Registro do vídeo foi feito durante um ritual de conexão e cura entre as artistas

Depois de Pança Cheia e Falta Pele, o novo clipe do projeto Bel_Medula é da faixa Eu Vou Contar. Para o vídeo, dirigido pela fotógrafa Vitória Proença, foram convidadas 15 mulheres que produzem música em Porto Alegre e representam uma parte de um vulcão criativo e diverso. Juntas, elas revisitaram o passado de suas ancestrais, dividiram experiências, aflições e muito amor.

Artistas nos bastidores da gravação Foto: Vitória Proença

Eu vou contar veio como um jorro, uma música que pediu para acontecer”, conta Bel. A faixa, que abre o lado Osso do disco Pele/Osso (Tronco/2019), mistura spoken word com melodia sobre uma base eletrônica e fala da ausência das mulheres nos espaços da música. Escolhi os timbres das frases de sintetizadores que foram se sobrepondo ao beat e fui gravando, decidindo onde entraria cada uma, adicionando camadas. Pensei em uma emissão falada, em um texto reto e urgente”, lembra.

Para finalizar a faixa, Bel decidiu resgatar a atmosfera dos coletivos de mulheres que participa, como o Girls Rock Camp, Female Pressure, Sonora, Sônicas, Feminoise Latinoamerica, dentre outros. “Pensava que, de alguma forma, eu queria trazer no som estes coletivos de mulheres, estas presenças todas que atravessam não so a mim, mas também a todas as pessoas que por ali transitam. Sobrepus, então, camadas de voz, que trazem texturas, atravessamentos, diferentes trânsitos e movimentos”. Neste embalo, veio a ideia do clipe, para dar ainda mais corpo e vida à música. 

O clipe

A fotógrafa Vitória Proença fez o seu debut como diretora de audiovisual no clipe e, ao lado de Bel e da diretora de elenco Kaya Rodrigues, criou um trabalho forte, intenso, mas, ao mesmo tempo leve, o que possibilitou que todas ali se sentissem seguras e acolhidas.
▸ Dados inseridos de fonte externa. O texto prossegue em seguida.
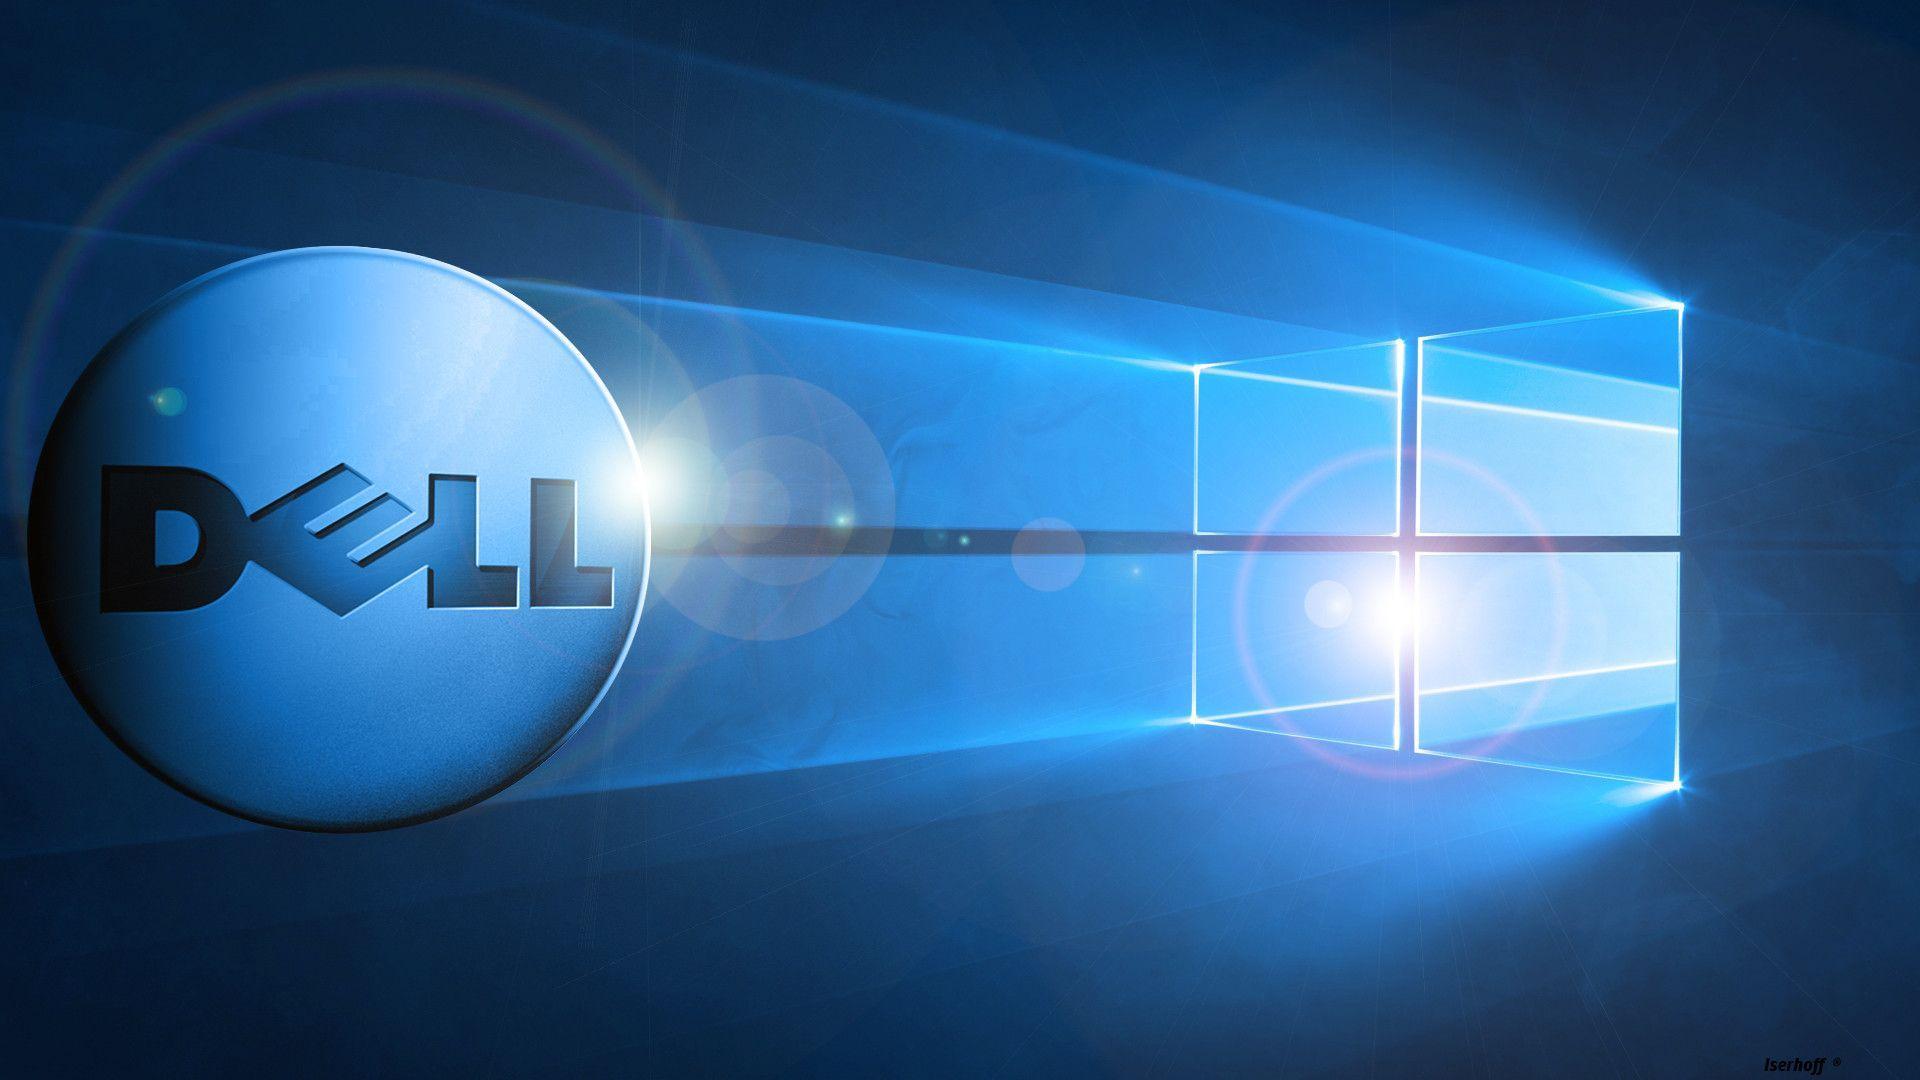 Windows 10 Wallpaper Dell

Vitória fala que o processo foi de imersão dentro do propósito artístico e de uma investigação emocional, e que isto foi imprescindível para que pudéssemos chegar na dinâmica que gerou o clipe. Neste processo, apareceu a importância da escrita manual, da luz natural, as cores, os significados da fotografia. “Juntamente com o Vini, a Kaya e a Joyce, a Bel e as artistas, as dinâmicas do roteiro foram se construindo, com base nas trocas e nas experiências, e tudo fluiu de forma muito afinada”, diz Vitória.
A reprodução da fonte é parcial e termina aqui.